> _WHAT YOU SHOULD DO_: As the answer, set down the lines below from the one containing "Vintage Vintage Parcel" through the one containing "Black Exterior 3", exactly and inclusively, and no others.

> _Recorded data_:
==*==

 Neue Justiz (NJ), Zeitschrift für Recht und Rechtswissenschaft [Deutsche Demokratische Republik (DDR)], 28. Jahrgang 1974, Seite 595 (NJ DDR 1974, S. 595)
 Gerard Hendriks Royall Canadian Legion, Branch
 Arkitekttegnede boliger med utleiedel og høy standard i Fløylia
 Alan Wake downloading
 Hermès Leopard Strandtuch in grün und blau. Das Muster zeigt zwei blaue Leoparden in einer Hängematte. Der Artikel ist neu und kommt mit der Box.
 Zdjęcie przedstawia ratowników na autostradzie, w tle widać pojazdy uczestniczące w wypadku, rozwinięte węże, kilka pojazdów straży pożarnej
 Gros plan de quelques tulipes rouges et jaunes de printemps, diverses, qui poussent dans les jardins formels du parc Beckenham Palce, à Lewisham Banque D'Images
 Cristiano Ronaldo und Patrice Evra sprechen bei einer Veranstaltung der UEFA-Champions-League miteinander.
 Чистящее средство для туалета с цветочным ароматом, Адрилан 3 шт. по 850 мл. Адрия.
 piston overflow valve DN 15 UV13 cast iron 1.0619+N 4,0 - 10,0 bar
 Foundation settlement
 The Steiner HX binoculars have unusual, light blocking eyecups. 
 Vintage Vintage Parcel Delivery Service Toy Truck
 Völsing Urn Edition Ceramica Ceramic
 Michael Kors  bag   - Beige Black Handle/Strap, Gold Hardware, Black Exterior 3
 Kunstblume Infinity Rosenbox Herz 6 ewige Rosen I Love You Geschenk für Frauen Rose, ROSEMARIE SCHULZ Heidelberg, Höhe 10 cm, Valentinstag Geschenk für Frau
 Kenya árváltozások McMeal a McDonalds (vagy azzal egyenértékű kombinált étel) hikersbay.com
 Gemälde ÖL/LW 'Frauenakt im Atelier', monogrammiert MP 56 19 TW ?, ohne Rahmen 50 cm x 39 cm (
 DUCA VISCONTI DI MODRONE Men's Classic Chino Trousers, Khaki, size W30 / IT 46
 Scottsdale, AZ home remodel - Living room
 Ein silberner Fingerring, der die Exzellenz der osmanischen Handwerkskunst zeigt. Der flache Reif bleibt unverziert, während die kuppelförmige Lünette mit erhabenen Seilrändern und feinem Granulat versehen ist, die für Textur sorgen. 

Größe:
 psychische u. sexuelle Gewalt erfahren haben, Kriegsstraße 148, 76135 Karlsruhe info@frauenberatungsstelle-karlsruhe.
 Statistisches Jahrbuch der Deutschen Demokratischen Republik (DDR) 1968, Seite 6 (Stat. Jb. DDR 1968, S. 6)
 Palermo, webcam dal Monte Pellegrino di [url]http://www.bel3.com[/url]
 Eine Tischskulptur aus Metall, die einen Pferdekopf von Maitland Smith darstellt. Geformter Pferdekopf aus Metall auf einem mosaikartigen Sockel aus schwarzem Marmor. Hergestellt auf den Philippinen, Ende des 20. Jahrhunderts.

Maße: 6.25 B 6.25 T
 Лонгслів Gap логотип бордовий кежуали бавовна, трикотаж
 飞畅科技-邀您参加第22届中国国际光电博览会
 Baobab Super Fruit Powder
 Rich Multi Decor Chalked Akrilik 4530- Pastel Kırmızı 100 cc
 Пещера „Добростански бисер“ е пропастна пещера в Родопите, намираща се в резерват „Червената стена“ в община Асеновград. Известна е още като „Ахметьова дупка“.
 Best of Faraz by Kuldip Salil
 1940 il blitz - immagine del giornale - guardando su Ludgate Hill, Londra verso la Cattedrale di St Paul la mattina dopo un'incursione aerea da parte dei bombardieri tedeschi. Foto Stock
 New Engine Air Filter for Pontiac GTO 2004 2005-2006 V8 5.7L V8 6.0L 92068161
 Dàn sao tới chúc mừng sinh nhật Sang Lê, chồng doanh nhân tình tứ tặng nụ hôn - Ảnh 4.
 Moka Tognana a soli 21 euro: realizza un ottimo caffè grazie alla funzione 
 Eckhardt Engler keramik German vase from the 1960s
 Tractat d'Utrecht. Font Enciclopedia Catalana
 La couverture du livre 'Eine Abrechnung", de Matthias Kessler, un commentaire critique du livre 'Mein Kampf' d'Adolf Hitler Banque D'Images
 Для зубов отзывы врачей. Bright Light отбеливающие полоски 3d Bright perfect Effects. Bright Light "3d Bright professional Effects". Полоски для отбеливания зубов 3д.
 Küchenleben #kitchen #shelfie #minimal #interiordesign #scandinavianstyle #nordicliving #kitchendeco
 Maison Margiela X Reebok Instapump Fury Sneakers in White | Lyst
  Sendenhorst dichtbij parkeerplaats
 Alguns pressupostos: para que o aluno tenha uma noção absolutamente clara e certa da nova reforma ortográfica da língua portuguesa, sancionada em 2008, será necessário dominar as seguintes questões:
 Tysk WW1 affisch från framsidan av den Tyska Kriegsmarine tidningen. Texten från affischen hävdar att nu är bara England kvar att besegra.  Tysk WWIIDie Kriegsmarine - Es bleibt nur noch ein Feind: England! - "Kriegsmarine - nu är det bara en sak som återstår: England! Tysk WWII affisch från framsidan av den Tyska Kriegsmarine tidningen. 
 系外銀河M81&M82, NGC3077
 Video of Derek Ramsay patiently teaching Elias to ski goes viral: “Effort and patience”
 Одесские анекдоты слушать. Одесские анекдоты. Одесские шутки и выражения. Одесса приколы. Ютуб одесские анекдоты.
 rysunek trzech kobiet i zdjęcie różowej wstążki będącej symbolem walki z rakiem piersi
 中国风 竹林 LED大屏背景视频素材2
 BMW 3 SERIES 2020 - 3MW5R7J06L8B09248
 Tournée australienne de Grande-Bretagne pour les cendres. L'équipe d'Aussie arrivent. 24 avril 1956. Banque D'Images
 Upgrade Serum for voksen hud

==*==

> _ANSWER TO THE EXERCISE_:
 Vintage Vintage Parcel Delivery Service Toy Truck
 Völsing Urn Edition Ceramica Ceramic
 Michael Kors  bag   - Beige Black Handle/Strap, Gold Hardware, Black Exterior 3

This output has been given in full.